There’s little that turns on which side of zero our best guess falls, so long as we be confident it is a long way down from the best candidates: on the scale of intervention effectiveness, there’s not that much absolute distance between estimates (I suspect) Hanson or I would offer. There might not be much disagreement even in coarse qualitative terms: Hanson’s work here—I think—focuses on the US, and US health outcomes are a sufficiently pathological outlier in the world I’m also unsure whether marginal US medical effort is beneficial; I’m not sure Hanson has staked out a view on whether he’s similarly uncertain about positive marginal impact in non-US countries, so he might agree with my view it is (modestly) net-positive, despite its dysfunction (neither I nor what I wrote assumes the system ‘basically knows what it’s doing’ in the common-sense meaning).
If Hanson has staked out this broader view, then I do disagree with it, but I don’t think this disagreement would indicate at least one of us has to be ‘deeply confused’ (this looks like a pretty crisp disagreement to me) nor ‘badly misinformed’ (I don’t think there are key considerations one-or-other of us is ignorant of which explains why one of us errs to sceptical or cautiously optimistic). My impressions are also less sympathetic to ‘signalling accounts’ of healthcare than his (cf.) - but again, my view isn’t ‘This is total garbage’, and I doubt he’s monomaniacally hedgehog-y about the signalling account. (Both of us have also argued for attenuating our individual impressions in deference to a wider consensus/outside view for all things considered judgements).
Although I think the balance of expertise leans against archly sceptical takes on medicine, I don’t foresee convincing adjudication on this point coming any time soon, nor that EA can reasonably expect to be the ones to provide this breakthrough—still less for all the potential sign-inverting crucial considerations out there. Stumbling on as best we can with our best guess seems a better approach than being paralyzed until we’re sure we’ve figured it all out.

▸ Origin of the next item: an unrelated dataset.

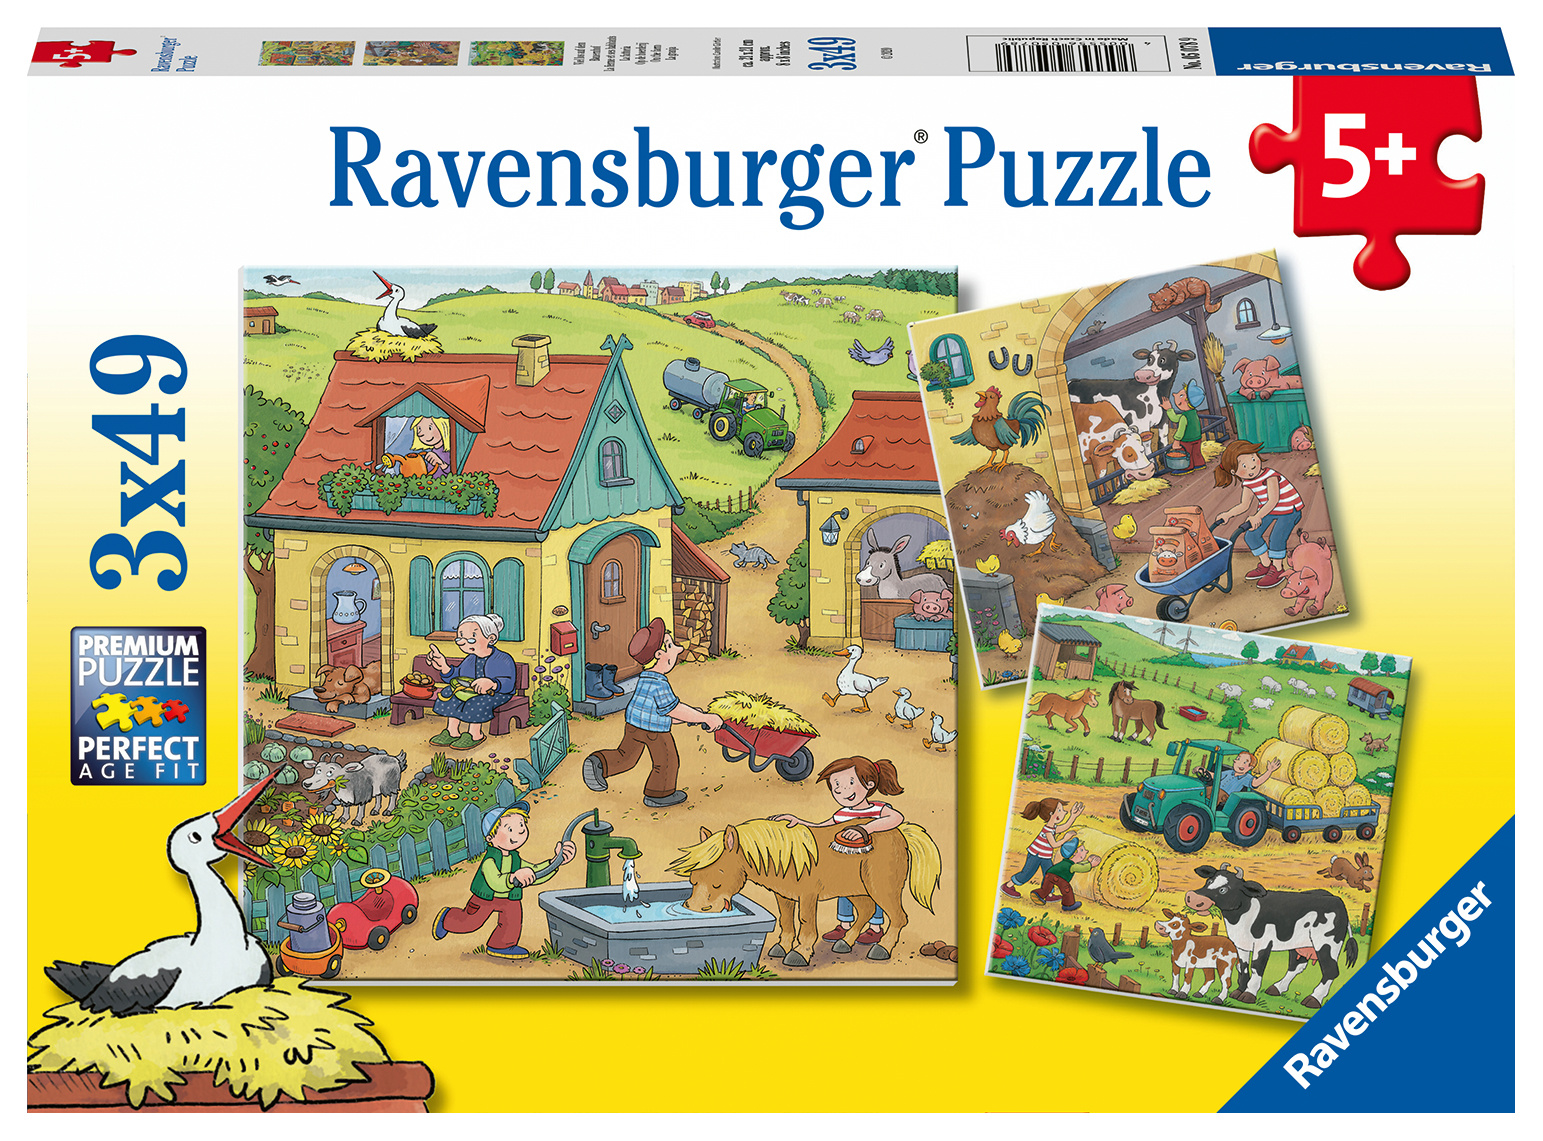 Ravensburger kinderpuzzels voordelig kopen? Brede keuze! - Puzzels123

Something that nets out to a small or no effect because large benefits and harms cancel out is very different (with different potential for impact) than something like, say, faith healing, where you can’t outperform just by killing fewer patients. A marginalist analysis that assumes that the person making the decision doesn’t know their own intentions & is just another random draw of a ball from an urn totally misses this factor.

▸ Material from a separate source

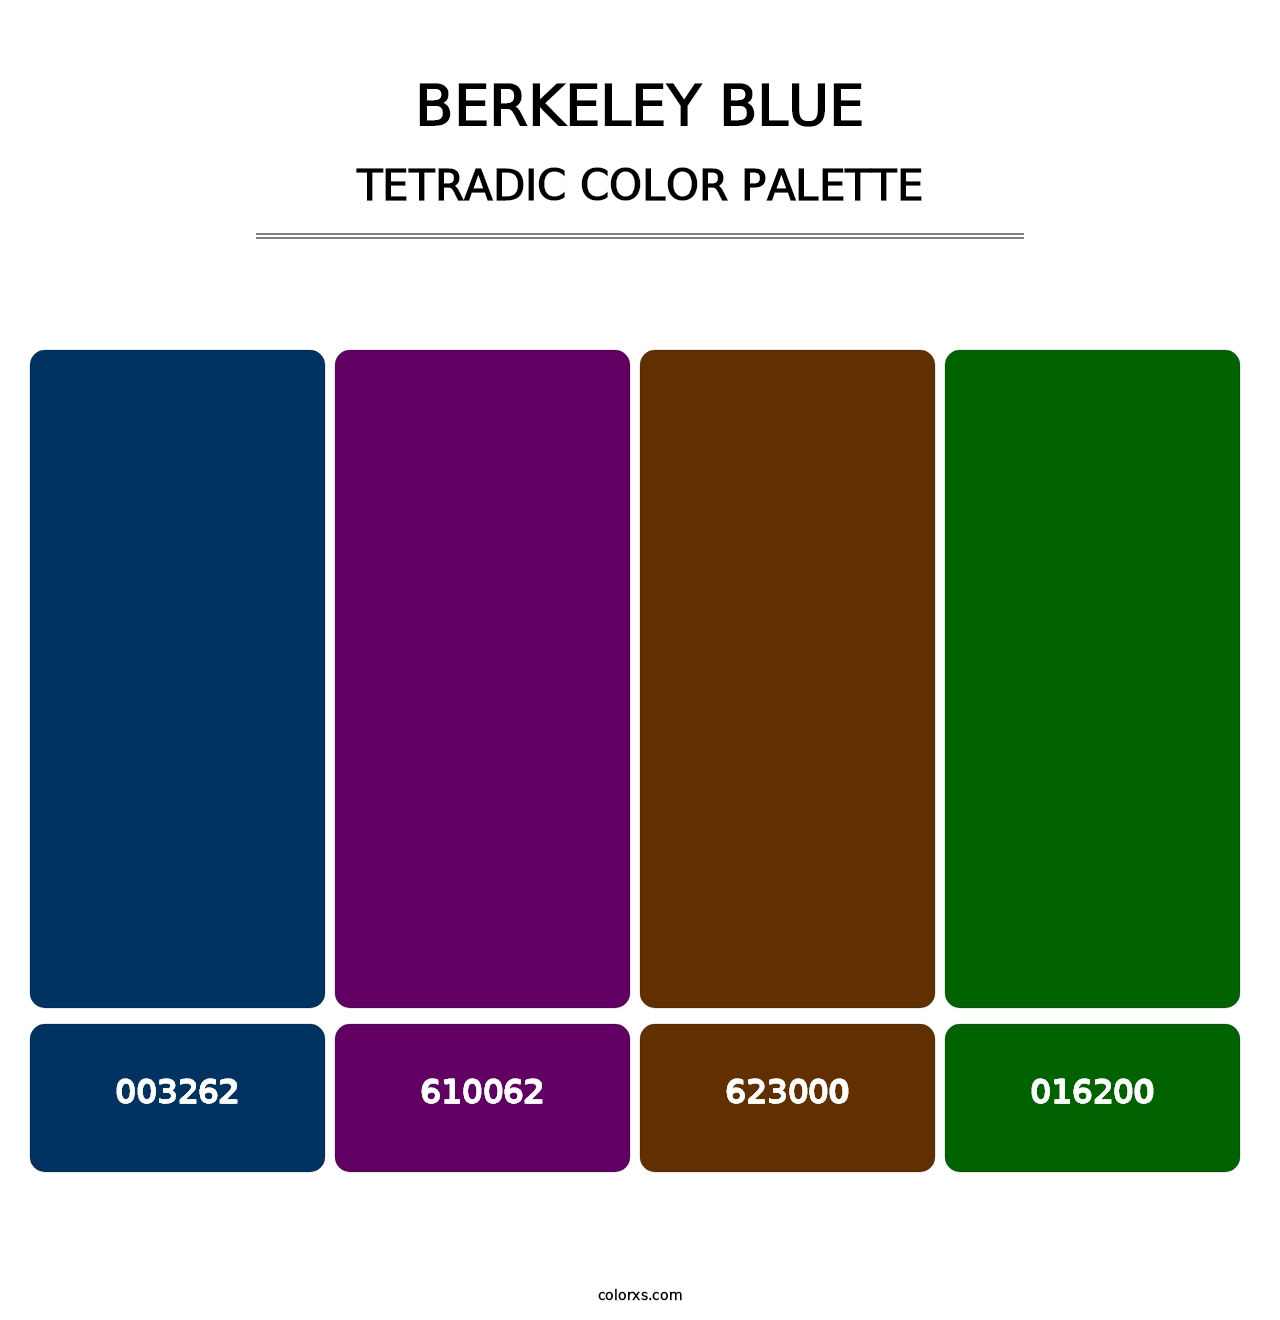 Berkeley Blue - Tetradic Color Palette

Happily, this factor has not been missed by either my profile or 80k’s work here more generally. Among other things, we looked at:
Variance in impact between specialties and (intranational) location (1) (as well as variance in earnings for E2G reasons) (2, also, cf.)

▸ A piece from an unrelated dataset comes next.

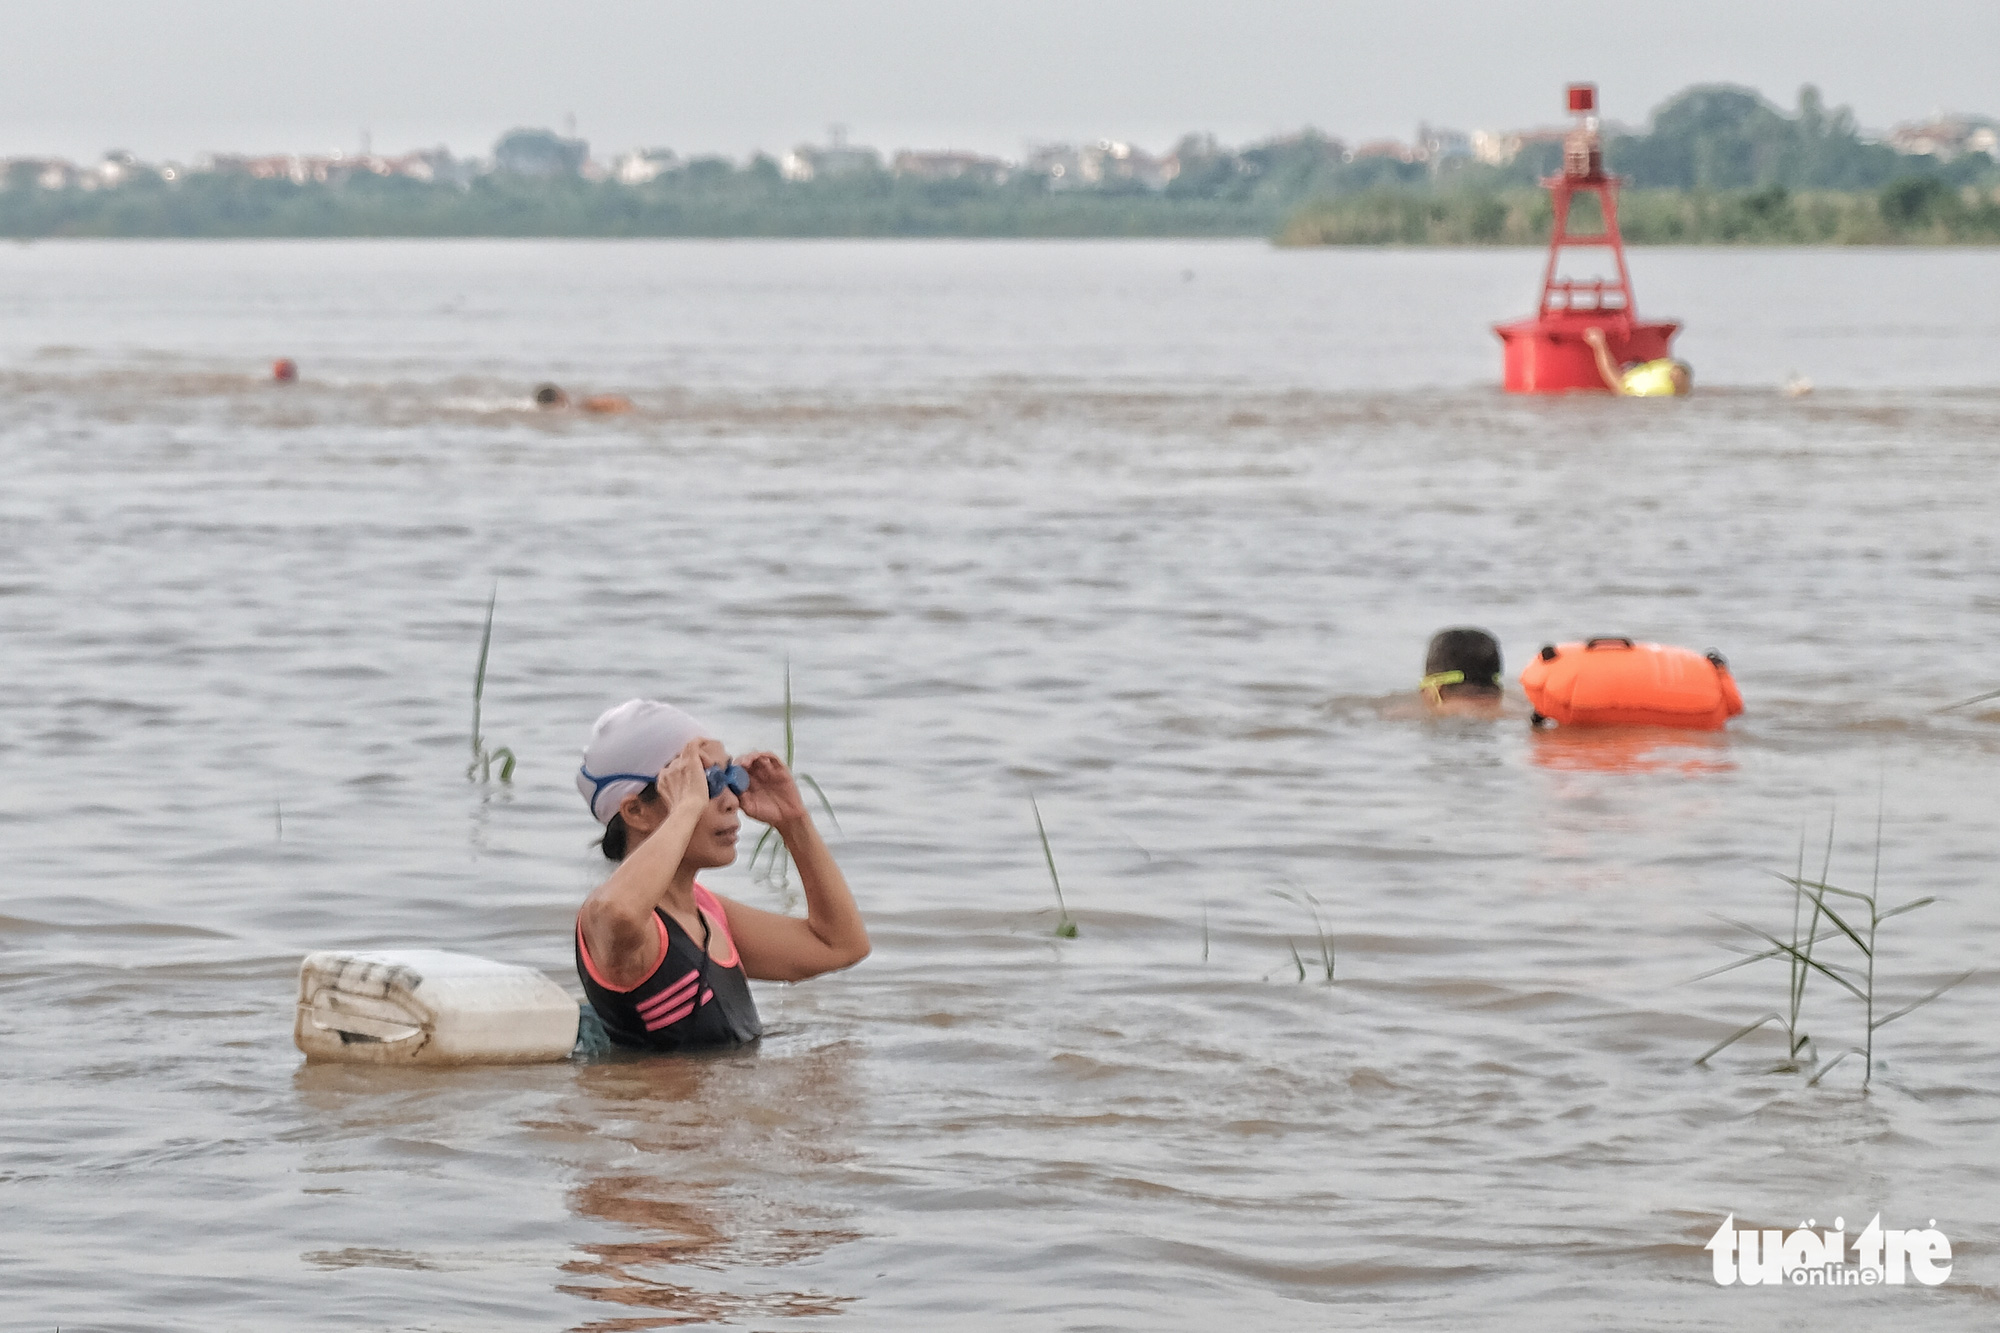 Hanoi residents swim in Red River despite rising water

Areas within medicine which look particularly promising (3)
Why ‘direct’ clinical impact (either between or within clinical specialties) probably has limited variance versus (e.g.) research (4), also
I also cover this in talks I have given on medical careers, as well as when offering advice to people contemplating a medical career or how to have a greater impact staying within medicine.
I still think trying to get a handle on the average case is a useful benchmark.
I just want to register disagreement.